Las calles estaban oscuras y no había ni un solo peatón por estas, siendo una solitaria figura la que paseaba entre las casas. La nieve cubría casi todo el suelo, dejándolo resbaladizo y blanco, por lo menos lo que dejaban ver las farolas. Caminaba tranquilo y con destino fijo, dirigiéndome a asesinar a un individuo que había logrado hacerse con un grimorio más poderoso que el que portaba actualmente. Entré a su hogar, abriendo de una patada su puerta y destrozando la entrada. Pronto lo vi, agazapado en una esquina con el libro entre las manos. Me acerqué lo suficiente como para que pudiera escuchar su ajetreado aliento.

- Portas en tus manos algo que no te pertenece, humano.

- No deberías de hablar así, demonio mezquino. No eres merecedor de este poder. He visto lo que hacías con el y me horroriza saber lo que puedas llegar a hacer si lo aumentas. Antes que darte este libro, lo quemo. 

Y tal como dijo, el libro se prendió en fuego ante mis propias narices, pero cual fue mi sorpresa, que el fuego apagó y el libro continuaba intacto.

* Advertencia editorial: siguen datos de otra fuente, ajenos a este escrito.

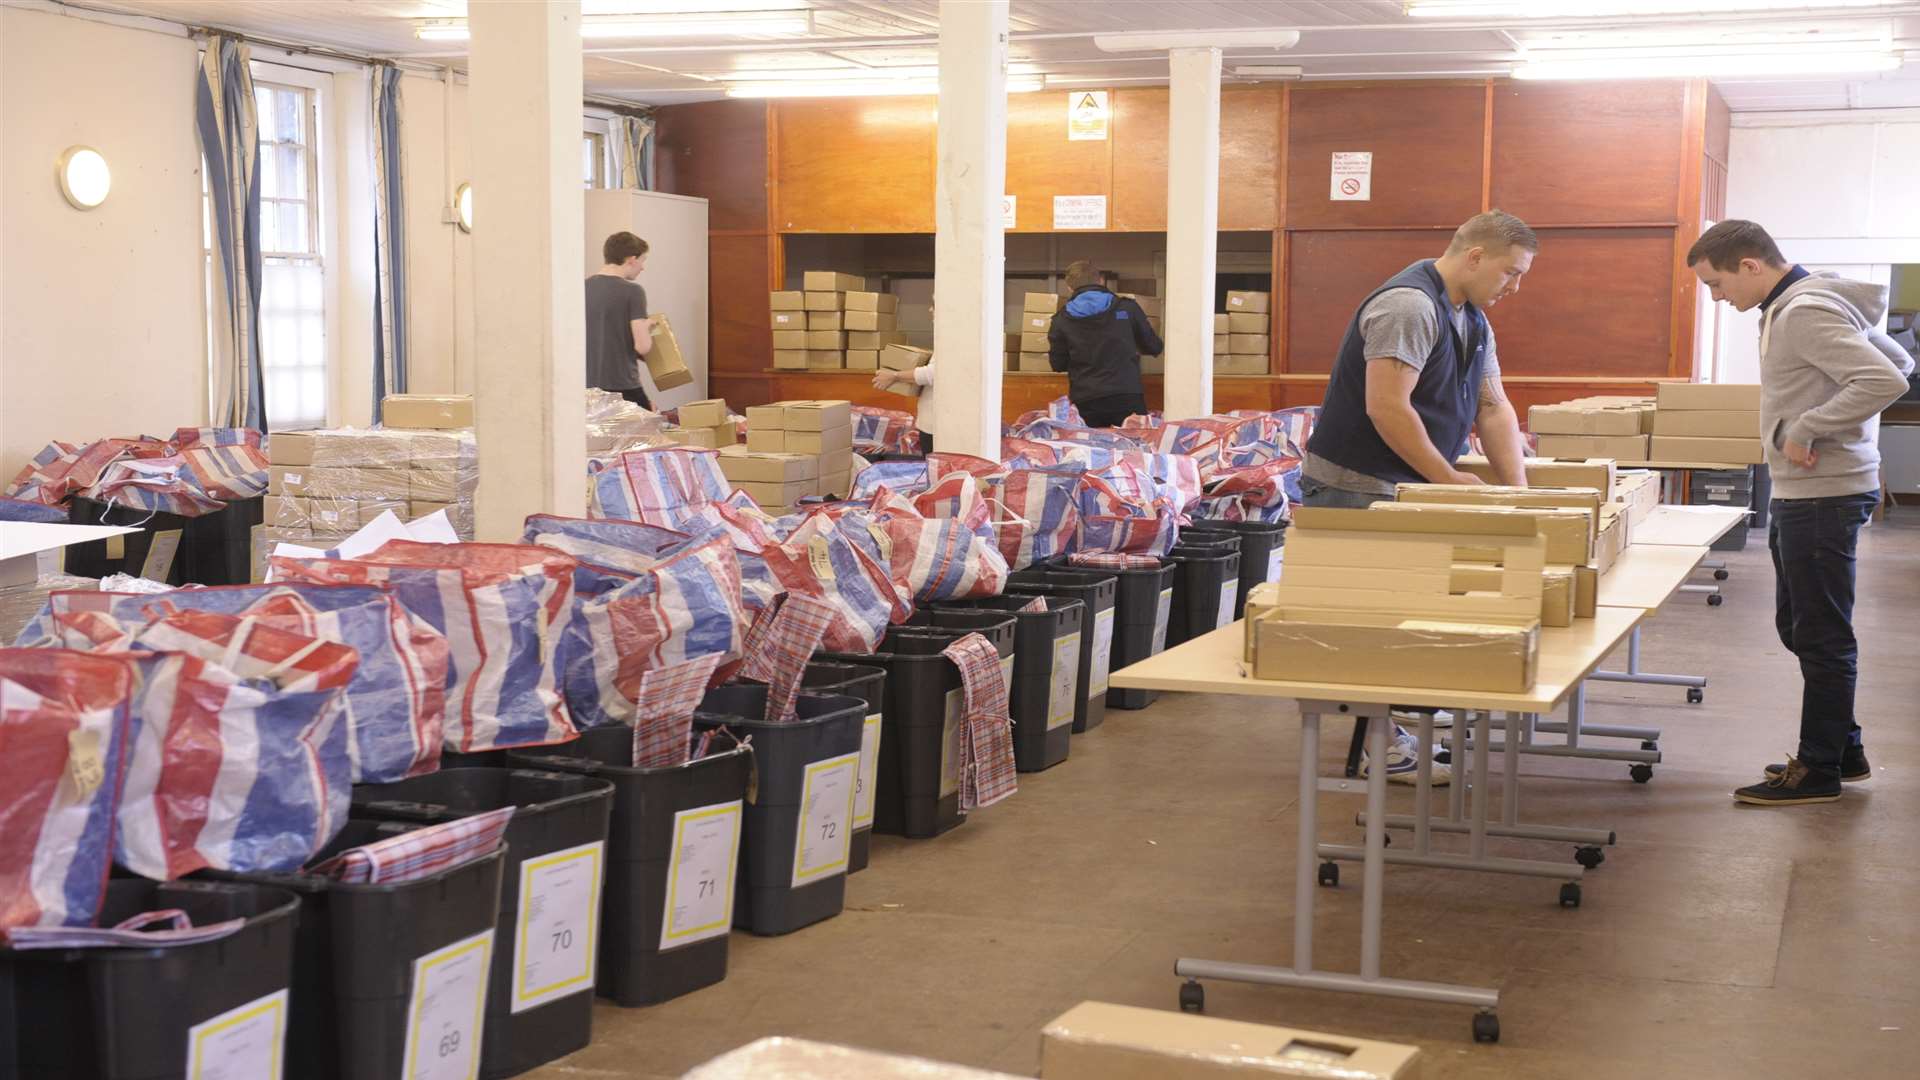 Ballot boxes and papers before an election. Stock image

Al poco comencé a reír como un loco, dejándome llevar por mi aire de victoria y cuando había logrado calmarme, lo miré con asco.-

- Parece ser que el destino no juega a tu favor. 

Tomé el libro sin ningún problemas, arrebatándolo con un movimiento ligero y atravesé el corazón del muchacho con mi lanza, oyendo un grito ahogado que acabó con un silencio. 

Varios días después de haber arrebatado el libro, en mi interior estaba llamando aquel ser a quien había logrado controlar, o por lo menos eso pensaba, pues cuanto más poder adquiría, más poderoso se volvía el. No quería que volviera a tomar control de mi, logrando que destruya todo cuanto tengo aprecio.